Postoperative BPF can be classified into early and late BPF according to the time of occurrence: the former appears within a month of surgery, and the latter appears after more than one month (the average time of late BPF after lobectomy was reported to be 238.33 ± 164.12 days) (Jichen et al., 2009). Early BPF was shown to be related to perioperative technical problems, whereas late BPF was related to impaired healing of the bronchial stump (Varoli et al., 1998). Although several studies have identified some of the risk factors of postoperative early or late BPF, such as right pneumonectomy, infection, full-dose radiation, squamous carcinoma, and steroid use (Lois and Noppen, 2005; Jichen et al., 2009), few have focused on BPF following surgical wound healing.
On the other hand, non-postoperative BPF following necrotizing lung disease associated with chemotherapy or radiotherapy, persistent spontaneous pneumothorax, and lung necrosis complicating infection are less common (Lois and Noppen, 2005). Therefore, the vulnerability of the healed surgical wound to overlapping acquired airway destruction has not been fully determined. To the best of our knowledge, this is the first reported case of BPF after an extended period of time following lung cancer resection surgery, secondary to severe airway destruction caused by pulmonary NTM infection.
The frequency of NTM pulmonary disease is increasing, and is typically caused by slow-growing species such as M. avium-intracellulare complex (MAC) and M. kansasii in patients with or without preexisting lung disease (Griffith et al., 2007). However, as shown in our case, the microbial substitution of MAC to M. abscessus in NTM patients after long-term treatment with multiple drugs for previous MAC pulmonary disease has become a serious problem (Nei et al., 2007). In contrast with MAC infection, patients with M. abscessus infection require chemotherapy with parenteral antibiotics such as amikacin, cefoxitin, and imipenem for several weeks. However, this response is often temporary. M. abscessus pulmonary disease in our patient was also very difficult to eradicate and become refractory, leading to massive airway destruction (Figures 1, 2 and 3).
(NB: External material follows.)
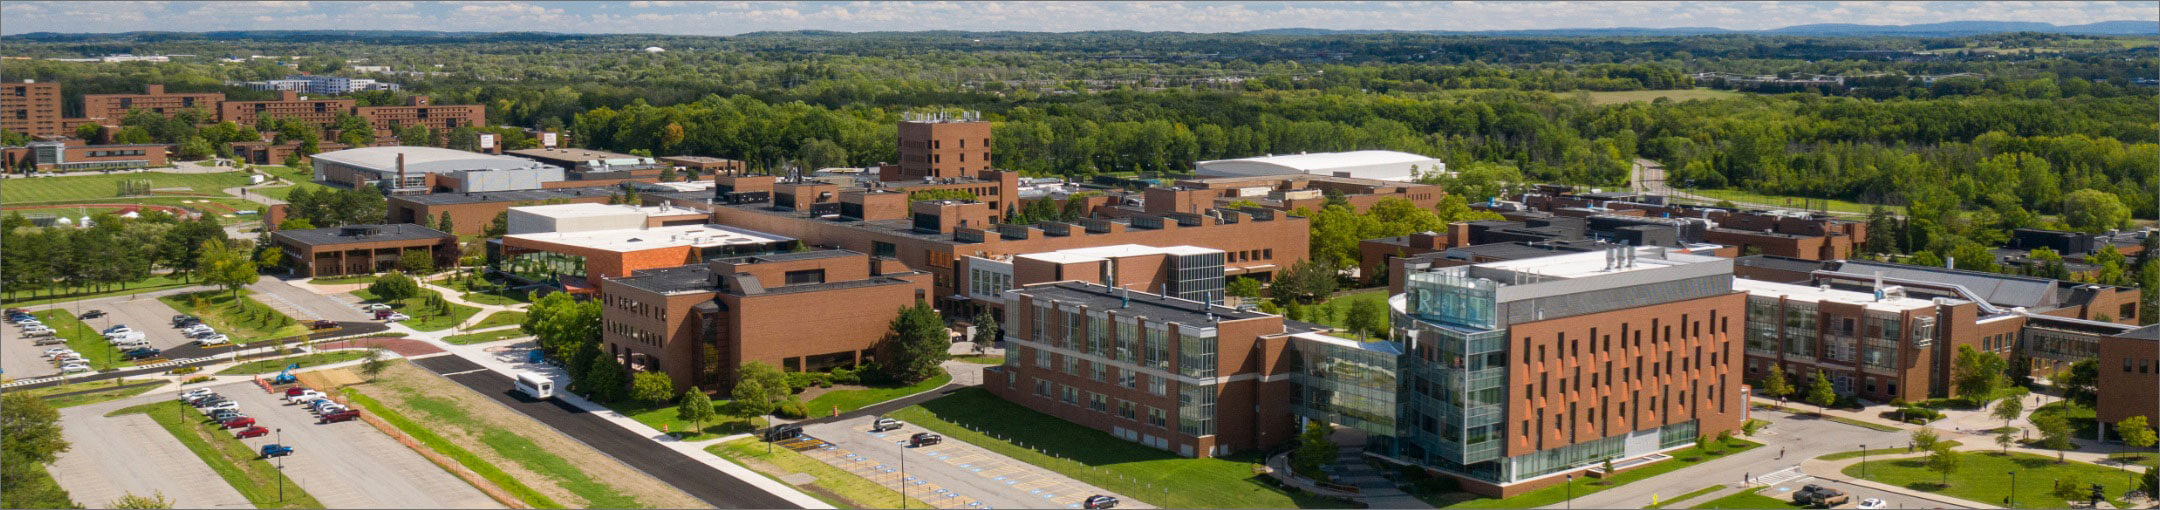 An aerial view of the R I T campus, focused on the academic side of campus.

Surgical resection is commonly recommended for patients with localized M. abscessus pulmonary disease (Griffith et al., 2007). However, in many cases, lobectomy cannot fully remove bronchiectasis and damaged lung parenchyma due to an underlining pulmonary disease such as previous tuberculosis, MAC infection, and middle-lobe syndrome. In addition, the relatively high complication rate of pneumonectomy (Sherwood et al., 2005) was not suitable for the surgical treatment of our patient, who had a very low BMI, with a history of upper lobectomy. As a result, we missed the timing for surgery and BPF triggered the rapid progression of M. abscessus pulmonary disease, leading to respiratory failure.
The findings of our study suggest that patients with M. abscessus pulmonary disease in which airway destruction is progressing towards the bronchial stump of previous lobectomy should be considered for early completion pneumonectomy to prevent fatal BPF.